Parquet also has pretty good compression, but if you're purely tabular in ZAR, you would have maybe additional dimensions like time, which you can't sort of model in Parquet purely. And last but not least, purely operational, so ESA and the Testbed 16 with GeoServer, and we also, as an operational data store,
we use Clickhouse, and the Clickhouse database is also an OLAP database, and it also has really good compression. So, loading the data in purely from a raster point of view stays at a similar compression. But the concept is slightly different,
so it's not purely a binary block. Let's say that it's compressed like a TIFF, for example, or something like this. And a more interesting question that I had the other day is computational efficiency. So, certain algorithms that work on rasters
based on the 2D access, they would not work for hexagons, obviously. They could work for quadrilateral ones, but there's also algorithms for hexagonals, but the data access, I think this is not as mature yet,
but with X-Array DDGS, being able to use the general scientific ecosystem of X-Array, and the way X-Array shuffles stuff around, this is a good way right now to explore that a bit more in an operational space, so to say. So, we are very lucky that from last year,
now we move actually from a more scientific, theoretical point of view. I mean, Luis has followed the progress. We're going now to try to really do stuff with it. Let me just add to this that if you're storing this data still in the raster concept,
usually what happens is that you transform a zone into a one-dimensional array. And so, when you do that transformation, there are some methods from traditional to the raster, but you still can use them. And Jerome Saint-Louis from Gnosis is starting this team.

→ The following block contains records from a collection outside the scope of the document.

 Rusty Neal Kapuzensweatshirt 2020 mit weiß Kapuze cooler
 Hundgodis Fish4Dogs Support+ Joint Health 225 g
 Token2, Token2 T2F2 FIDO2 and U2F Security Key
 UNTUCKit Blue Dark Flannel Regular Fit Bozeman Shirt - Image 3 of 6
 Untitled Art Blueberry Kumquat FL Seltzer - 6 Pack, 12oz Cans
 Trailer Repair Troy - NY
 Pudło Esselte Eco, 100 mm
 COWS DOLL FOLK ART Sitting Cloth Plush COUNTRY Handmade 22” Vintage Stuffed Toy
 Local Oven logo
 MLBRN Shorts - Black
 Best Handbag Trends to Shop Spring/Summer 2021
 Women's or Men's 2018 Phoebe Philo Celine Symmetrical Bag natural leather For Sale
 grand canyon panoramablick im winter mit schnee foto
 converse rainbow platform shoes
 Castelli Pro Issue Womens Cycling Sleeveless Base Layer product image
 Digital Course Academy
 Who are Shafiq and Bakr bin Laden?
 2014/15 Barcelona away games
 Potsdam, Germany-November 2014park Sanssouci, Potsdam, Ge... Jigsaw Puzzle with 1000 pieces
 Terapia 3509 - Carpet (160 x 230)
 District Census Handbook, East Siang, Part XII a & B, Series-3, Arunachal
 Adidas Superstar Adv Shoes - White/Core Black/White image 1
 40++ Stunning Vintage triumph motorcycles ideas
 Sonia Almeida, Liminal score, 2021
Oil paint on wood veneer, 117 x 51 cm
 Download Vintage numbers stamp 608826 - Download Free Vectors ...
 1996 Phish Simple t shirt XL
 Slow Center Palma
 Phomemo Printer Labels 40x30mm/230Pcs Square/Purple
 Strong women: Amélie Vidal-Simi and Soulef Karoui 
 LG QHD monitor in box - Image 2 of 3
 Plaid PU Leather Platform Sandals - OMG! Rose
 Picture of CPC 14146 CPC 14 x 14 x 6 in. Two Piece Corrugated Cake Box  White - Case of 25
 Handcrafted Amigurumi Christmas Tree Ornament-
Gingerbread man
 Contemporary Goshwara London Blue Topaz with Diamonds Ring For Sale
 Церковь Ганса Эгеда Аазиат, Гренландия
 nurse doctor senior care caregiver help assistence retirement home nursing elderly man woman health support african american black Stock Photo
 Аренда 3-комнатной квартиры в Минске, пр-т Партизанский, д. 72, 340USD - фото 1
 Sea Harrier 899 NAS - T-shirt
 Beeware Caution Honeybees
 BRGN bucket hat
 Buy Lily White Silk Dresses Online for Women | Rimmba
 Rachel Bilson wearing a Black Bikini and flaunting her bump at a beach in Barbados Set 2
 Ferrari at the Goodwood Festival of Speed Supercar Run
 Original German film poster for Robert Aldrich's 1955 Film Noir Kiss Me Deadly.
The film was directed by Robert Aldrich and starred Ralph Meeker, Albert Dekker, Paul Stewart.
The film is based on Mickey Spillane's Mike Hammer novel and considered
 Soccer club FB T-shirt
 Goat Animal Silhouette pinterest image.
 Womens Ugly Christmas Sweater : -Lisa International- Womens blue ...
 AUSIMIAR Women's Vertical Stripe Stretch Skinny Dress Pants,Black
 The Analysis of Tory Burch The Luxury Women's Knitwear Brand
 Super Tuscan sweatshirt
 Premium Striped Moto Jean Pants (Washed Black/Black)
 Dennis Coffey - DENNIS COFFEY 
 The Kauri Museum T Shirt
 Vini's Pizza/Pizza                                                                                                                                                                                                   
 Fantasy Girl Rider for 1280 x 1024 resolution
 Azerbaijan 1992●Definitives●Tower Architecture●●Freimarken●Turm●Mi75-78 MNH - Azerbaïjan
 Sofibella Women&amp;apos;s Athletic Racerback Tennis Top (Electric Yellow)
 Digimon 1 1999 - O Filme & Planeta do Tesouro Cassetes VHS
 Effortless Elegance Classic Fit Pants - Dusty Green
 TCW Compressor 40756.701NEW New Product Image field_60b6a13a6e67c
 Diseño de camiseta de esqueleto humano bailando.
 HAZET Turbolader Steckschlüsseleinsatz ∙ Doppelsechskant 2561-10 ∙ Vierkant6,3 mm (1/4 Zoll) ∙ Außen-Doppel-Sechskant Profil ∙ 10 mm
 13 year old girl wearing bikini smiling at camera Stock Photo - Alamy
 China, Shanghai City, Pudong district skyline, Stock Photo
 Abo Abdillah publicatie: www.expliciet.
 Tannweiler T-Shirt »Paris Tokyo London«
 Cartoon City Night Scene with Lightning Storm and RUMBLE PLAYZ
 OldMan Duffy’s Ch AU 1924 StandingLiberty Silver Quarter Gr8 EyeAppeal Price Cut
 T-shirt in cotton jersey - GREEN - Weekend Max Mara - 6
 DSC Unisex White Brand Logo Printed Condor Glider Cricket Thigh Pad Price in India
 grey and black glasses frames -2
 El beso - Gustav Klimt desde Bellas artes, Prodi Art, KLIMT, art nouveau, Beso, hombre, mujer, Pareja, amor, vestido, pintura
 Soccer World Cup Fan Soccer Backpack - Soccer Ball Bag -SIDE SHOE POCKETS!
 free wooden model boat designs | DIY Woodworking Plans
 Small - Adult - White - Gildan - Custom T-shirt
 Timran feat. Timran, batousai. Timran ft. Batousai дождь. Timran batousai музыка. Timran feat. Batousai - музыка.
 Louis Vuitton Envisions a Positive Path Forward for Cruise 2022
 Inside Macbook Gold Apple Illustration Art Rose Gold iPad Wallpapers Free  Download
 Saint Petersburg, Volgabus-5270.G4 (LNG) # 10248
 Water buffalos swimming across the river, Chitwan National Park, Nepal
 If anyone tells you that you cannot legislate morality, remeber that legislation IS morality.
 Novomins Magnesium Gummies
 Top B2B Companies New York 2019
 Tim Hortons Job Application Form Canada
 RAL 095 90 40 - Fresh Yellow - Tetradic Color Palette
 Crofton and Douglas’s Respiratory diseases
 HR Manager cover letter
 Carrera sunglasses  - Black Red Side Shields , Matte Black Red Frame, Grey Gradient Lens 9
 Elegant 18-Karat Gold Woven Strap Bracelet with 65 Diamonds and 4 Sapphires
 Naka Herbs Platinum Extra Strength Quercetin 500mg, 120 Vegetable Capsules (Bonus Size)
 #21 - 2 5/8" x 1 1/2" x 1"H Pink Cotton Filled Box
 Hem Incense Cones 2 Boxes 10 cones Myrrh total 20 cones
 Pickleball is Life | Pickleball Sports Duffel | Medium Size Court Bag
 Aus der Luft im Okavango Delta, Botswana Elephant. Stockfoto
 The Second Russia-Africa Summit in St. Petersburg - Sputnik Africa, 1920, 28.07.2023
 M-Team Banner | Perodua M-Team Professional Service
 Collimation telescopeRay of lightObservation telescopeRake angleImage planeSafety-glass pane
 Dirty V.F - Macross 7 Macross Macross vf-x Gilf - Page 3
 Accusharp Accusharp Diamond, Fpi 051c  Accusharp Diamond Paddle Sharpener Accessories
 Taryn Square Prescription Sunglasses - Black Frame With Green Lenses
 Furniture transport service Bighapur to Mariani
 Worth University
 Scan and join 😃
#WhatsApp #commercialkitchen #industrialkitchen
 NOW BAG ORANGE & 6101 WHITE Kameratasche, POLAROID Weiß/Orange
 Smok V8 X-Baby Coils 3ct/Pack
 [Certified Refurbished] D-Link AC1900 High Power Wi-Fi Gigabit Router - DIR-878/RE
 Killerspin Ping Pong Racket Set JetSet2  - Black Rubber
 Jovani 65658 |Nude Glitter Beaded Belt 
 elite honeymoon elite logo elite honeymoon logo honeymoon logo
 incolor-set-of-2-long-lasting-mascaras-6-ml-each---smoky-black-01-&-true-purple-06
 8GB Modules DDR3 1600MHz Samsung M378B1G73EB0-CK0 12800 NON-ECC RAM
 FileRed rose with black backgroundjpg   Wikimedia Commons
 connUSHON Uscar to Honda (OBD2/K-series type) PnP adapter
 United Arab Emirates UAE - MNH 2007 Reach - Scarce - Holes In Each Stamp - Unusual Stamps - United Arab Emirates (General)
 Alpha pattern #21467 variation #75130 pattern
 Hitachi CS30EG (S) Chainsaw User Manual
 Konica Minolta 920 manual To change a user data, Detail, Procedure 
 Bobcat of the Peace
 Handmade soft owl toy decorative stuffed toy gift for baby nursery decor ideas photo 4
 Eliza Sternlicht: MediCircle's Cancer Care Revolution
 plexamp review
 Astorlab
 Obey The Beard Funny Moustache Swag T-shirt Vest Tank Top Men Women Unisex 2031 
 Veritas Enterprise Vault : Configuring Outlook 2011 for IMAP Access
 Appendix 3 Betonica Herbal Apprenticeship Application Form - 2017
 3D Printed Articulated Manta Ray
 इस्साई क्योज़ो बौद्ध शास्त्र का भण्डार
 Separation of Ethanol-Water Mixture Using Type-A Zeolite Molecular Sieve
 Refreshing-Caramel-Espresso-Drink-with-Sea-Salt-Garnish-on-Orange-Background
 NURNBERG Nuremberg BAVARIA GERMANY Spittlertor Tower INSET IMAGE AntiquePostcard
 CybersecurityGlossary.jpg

Any other questions? Yes, please. Let's wait for the microphone. Thank you for your presentation. I'd like to make sure about hill peaks. Is it right now supported to deal with hill peaks
or is it going to be developed? So, you're asking if this can be used with hill peaks? Yeah, yeah. Yeah, so if Rame is using it, I'm not quite sure. So, Justus, I'm not sure if Justus has done a couple of pull requests. He and Benoit are like the main maintainers
to make sure which code goes in. So, I'm not sure at which stage the operational stuff is indexed. We have right now a little bit of a situation because we have some heavy dependencies. So, each of these DGGS systems, except maybe H3, come with their own heavy dependencies. Like hill peaks or CDS hill peaks is a fairly heavy package.
DGGRID comes with its own challenges. So, right now, the way the Python packages are set up with the dependencies, we don't want to pull in all those things. So, we have to modularize this a little bit. But in general, they are working with it and they do that. Okay, great. Thank you.